Last week, I wrote about how I’m entering the realm of the old and the tired, helped along by various merchandisers trying to sell me pre-planned funerals and electronic scooters.
Well, I’m not the only one who is aging.
A little over a week ago, four of us Chronicle staffers attended a design seminar led by Ed Henninger, considered a leading design “guru” for newspapers.
We were to submit examples of our newspaper pages for him to critique. After a brief session on design elements, Ed began critiquing submissions. Most got in-depth comments and advice for improvements.
But after lunch, Ed announced he was going to have to speed things up if he was going to get through all the submissions before the day ended at 4 p.m.
We waited patiently at our table for The Chronicle pages to pop up on the presentation screen.
This is what we heard:
“This is just old and tired,” said Henninger.
I was already feeling old and tired after being bombarded with mail advertisements from the Scooter Store and AARP. Now, I was hearing that the newspaper of which I recently took direction also is old and tired.

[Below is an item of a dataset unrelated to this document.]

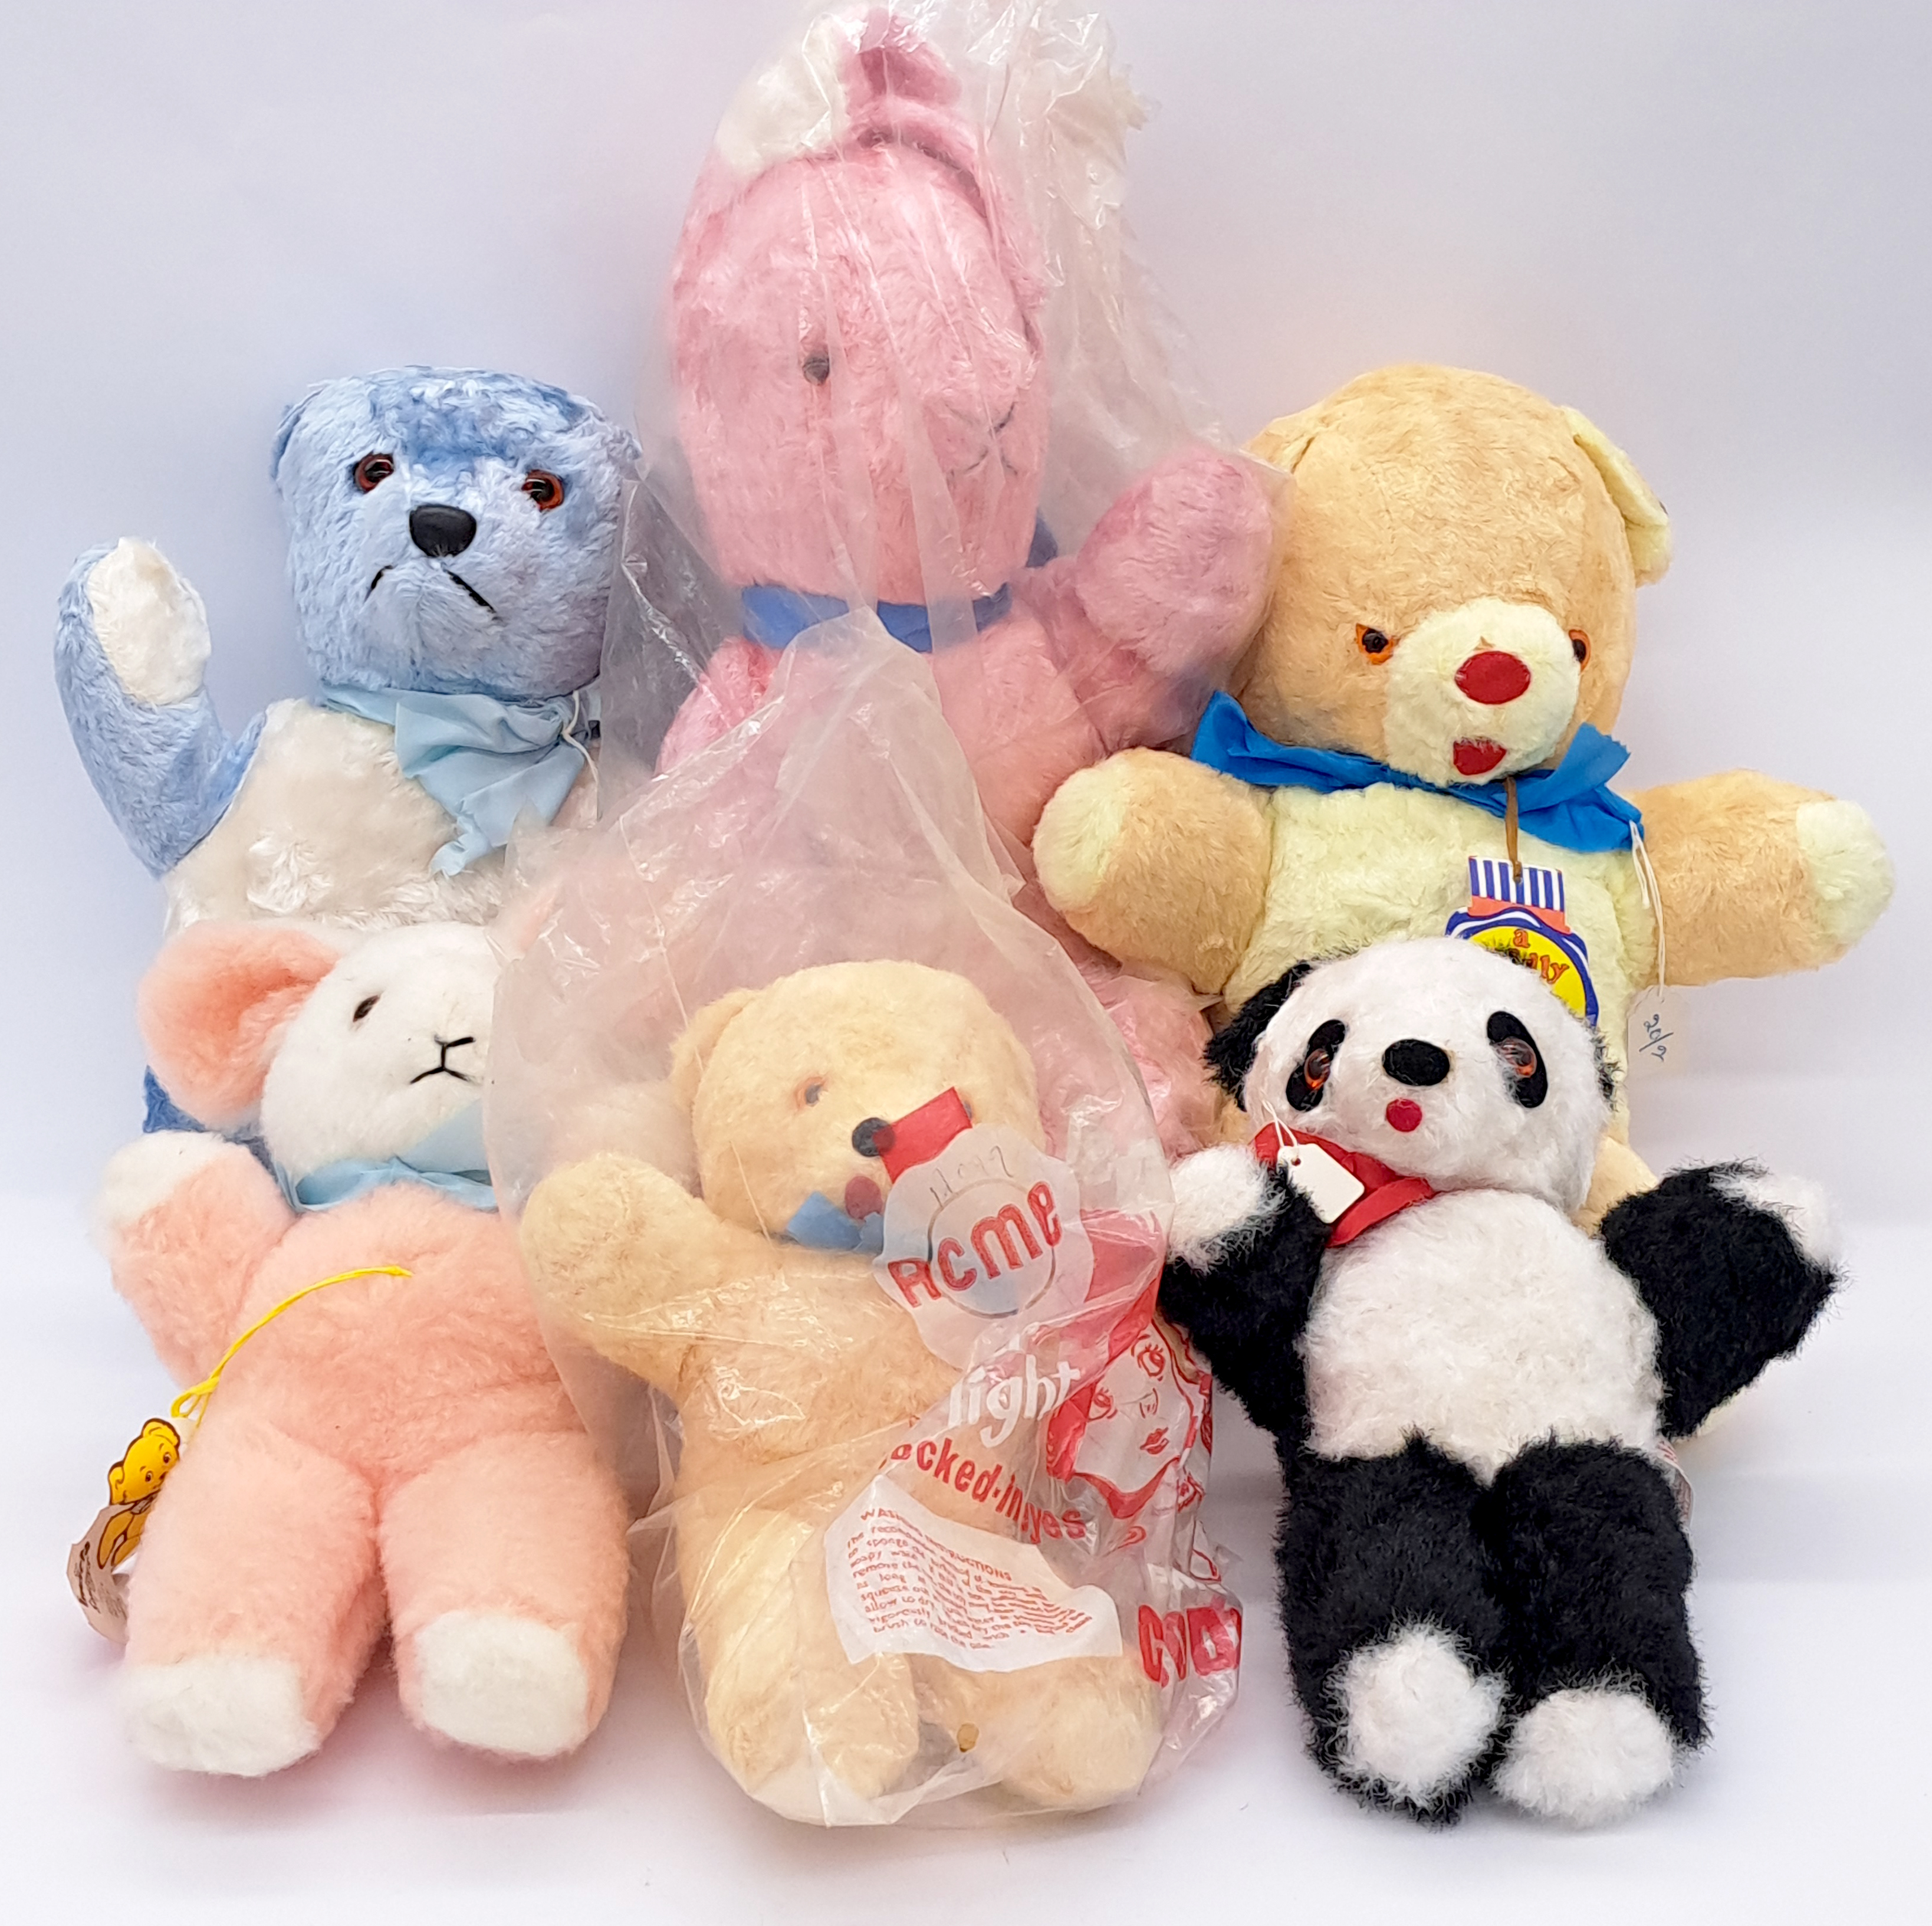 Assortment of vintage unjointed teddy bears, including Invicta and Acme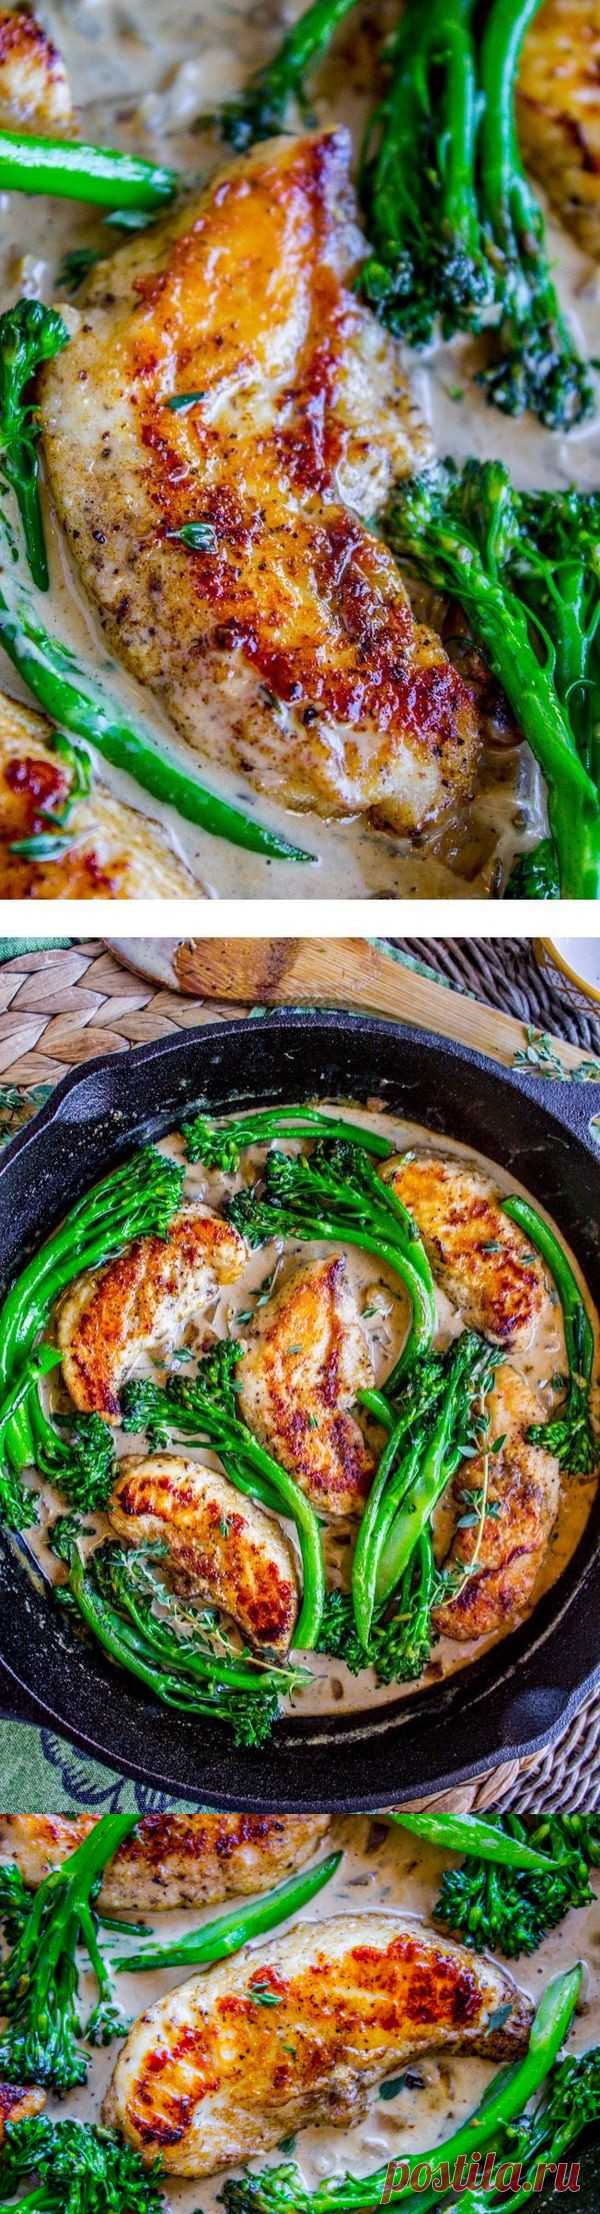 Pan-Seared Chicken and Broccolini in Creamy Mustard Sauce

But none of us were really surprised by his comments. The last time The Chronicle was redesigned was in the mid 1980s. In fact, we had already decided we needed to start upgrading it before we went to the seminar.
So, you’ll be seeing some changes in the coming weeks as we start to incorporate some of Henninger’s ideas into our design.
We’ll try to implement them gradually, because old and tired people like me don’t have a lot of energy, plus our readers need time to adapt to transitional changes.
But eventually, The Chronicle may not look much like it does today.
As we make our changes, our goal is to make the newspaper easier for our readers to navigate and easier to read. We want to make our changes thoughtfully, not have them just be an effort to “jazz up” the paper, a phrase that Ed Henninger said he abhors.
I plan to occasionally use this column to explain what changes we are making and why we are making them.
And I hope our readers will give us feedback and ideas as we move forward.
After all, The Chronicle is published for you, the readers. It is your newspaper more than it is ours, and we want to do what is best for you.